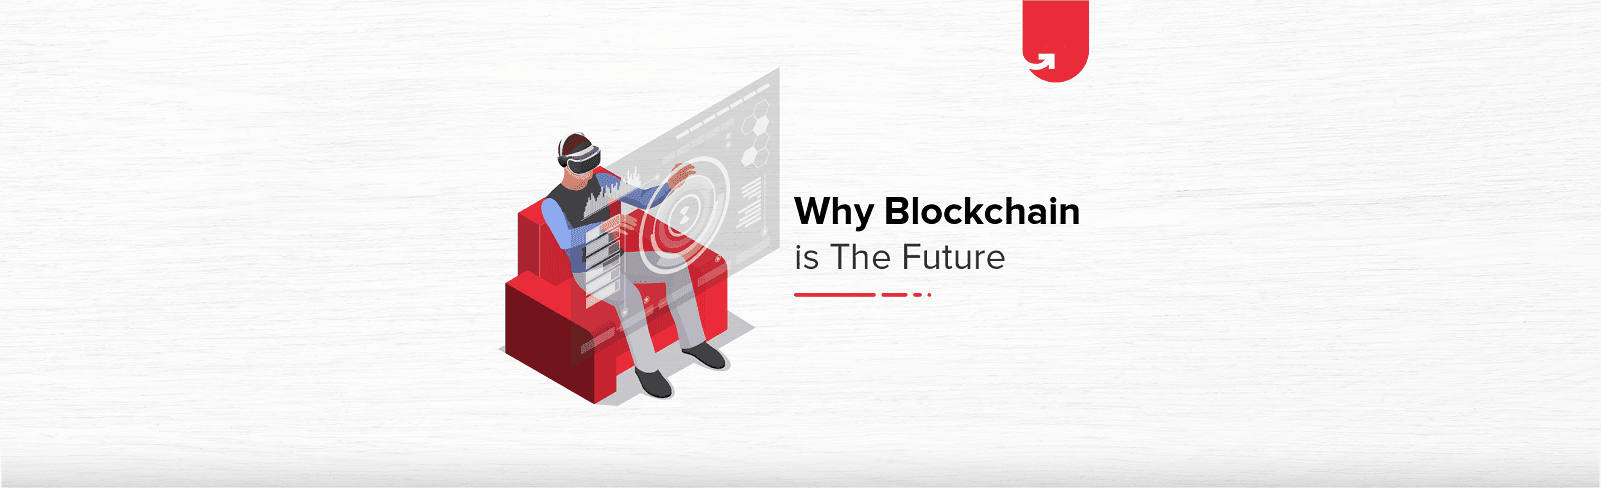 8 Reasons Why Blockchain Technology Is the Future
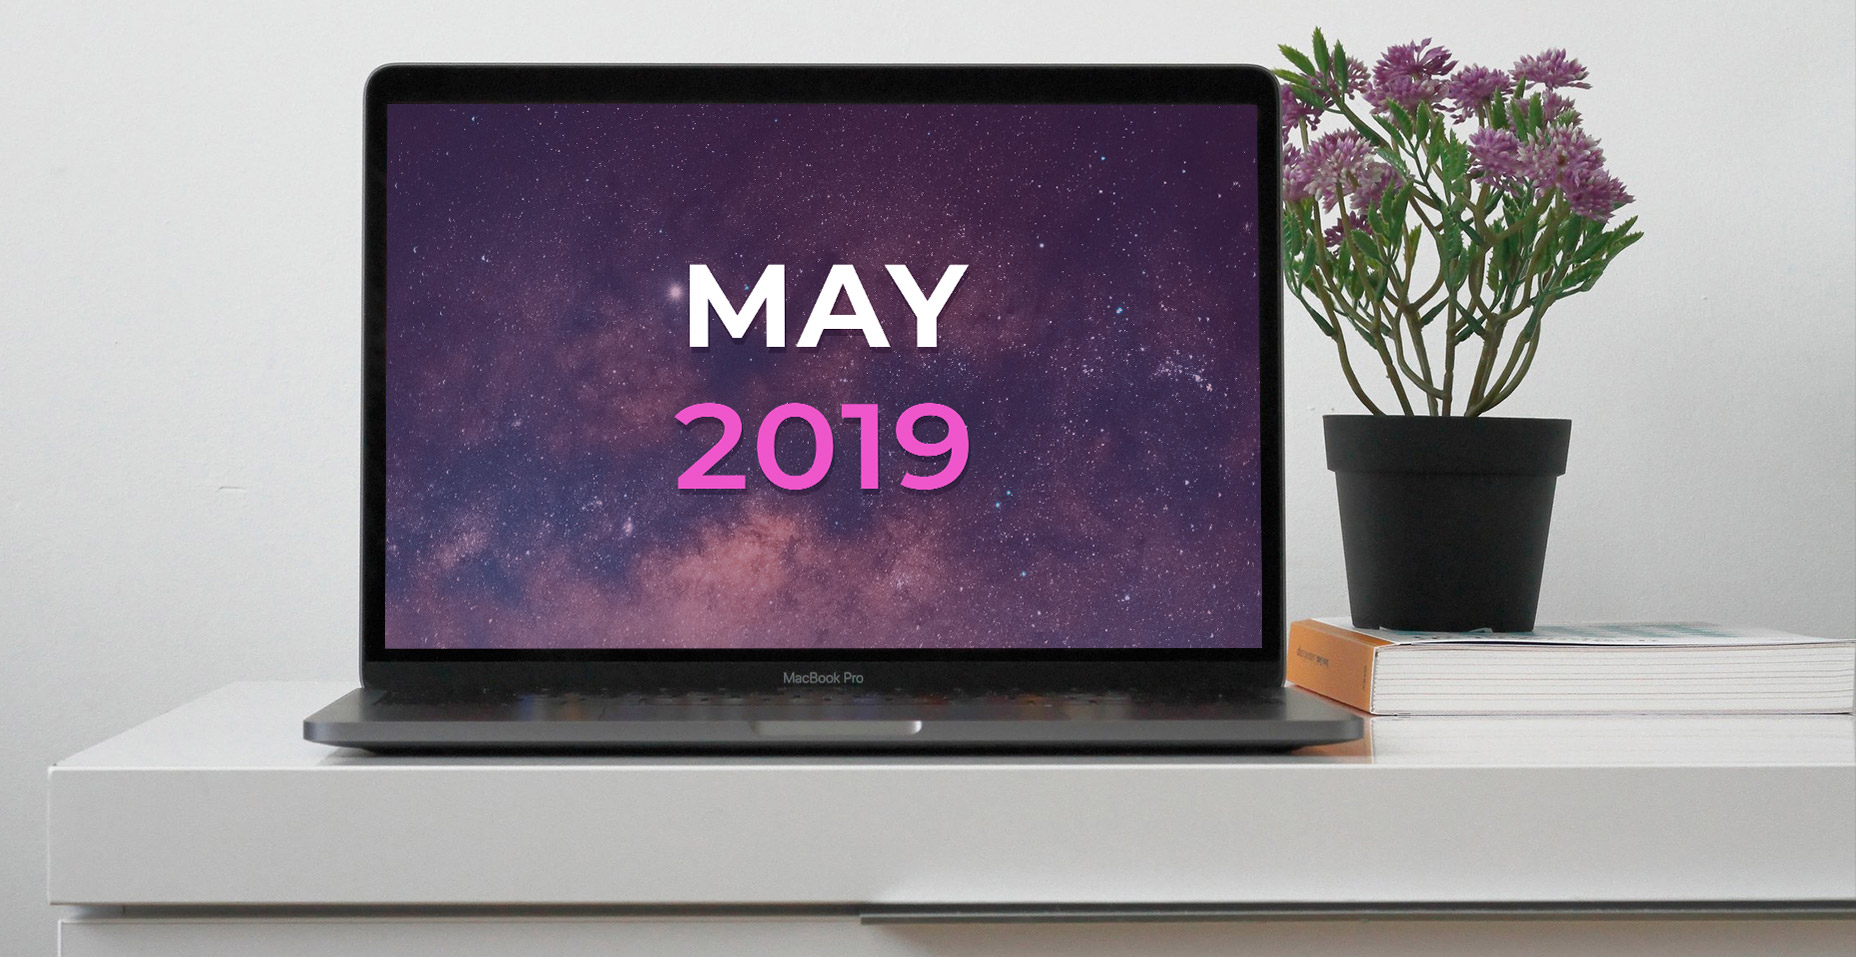 10 Interesting JavaScript and CSS Libraries for May 2019
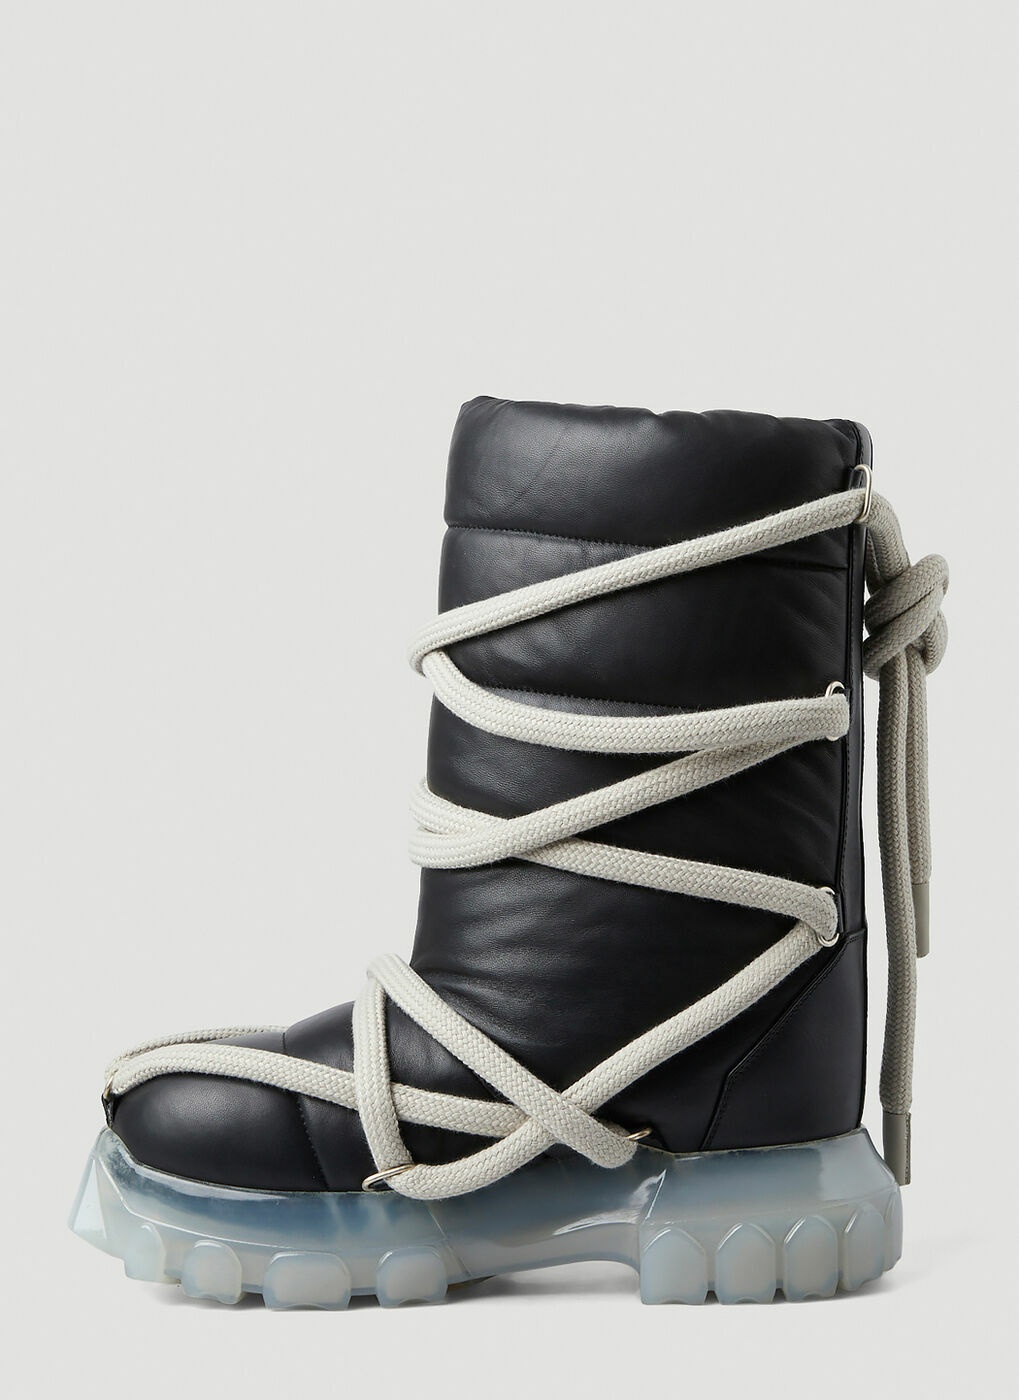 Rope Wrap Around Boots in Black Rick Owens
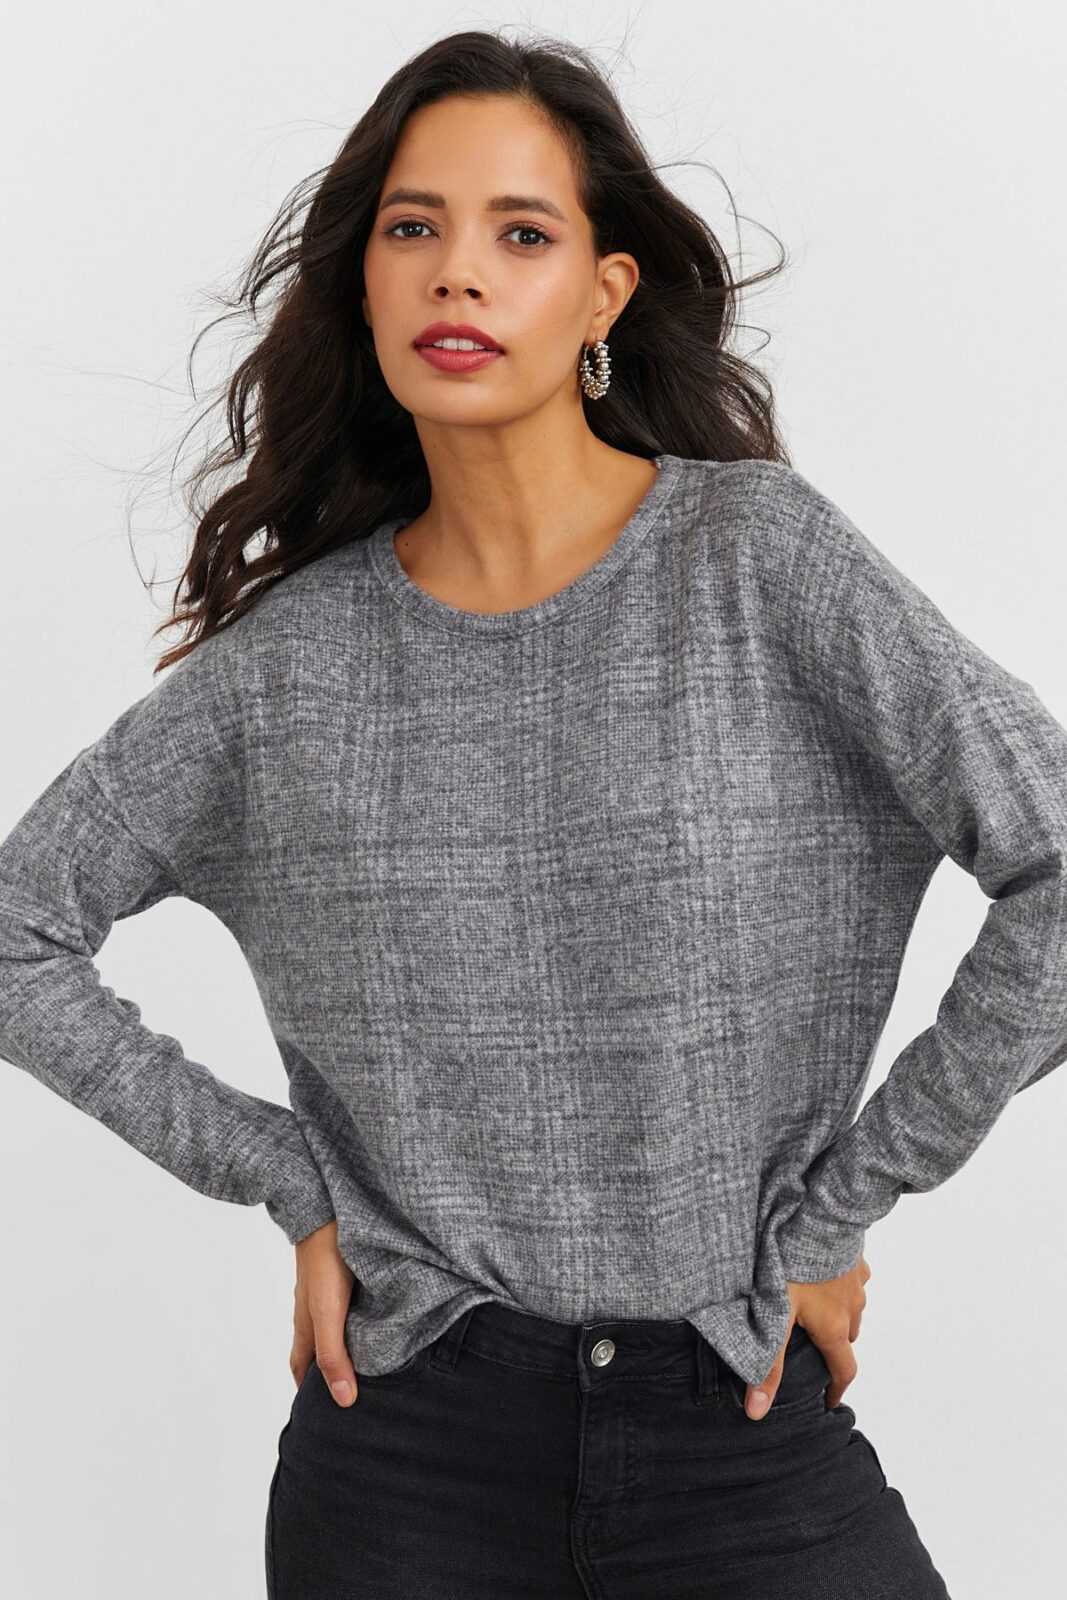 Cool & Sexy Blouse - Gray

* * * * * * *

What is needed - Return the whole listing word for word. Pictures stay out of it.

Result for this exercise -
 8 Reasons Why Blockchain Technology Is the Future
 10 Interesting JavaScript and CSS Libraries for May 2019
 Rope Wrap Around Boots in Black Rick Owens
 Cool & Sexy Blouse - Gray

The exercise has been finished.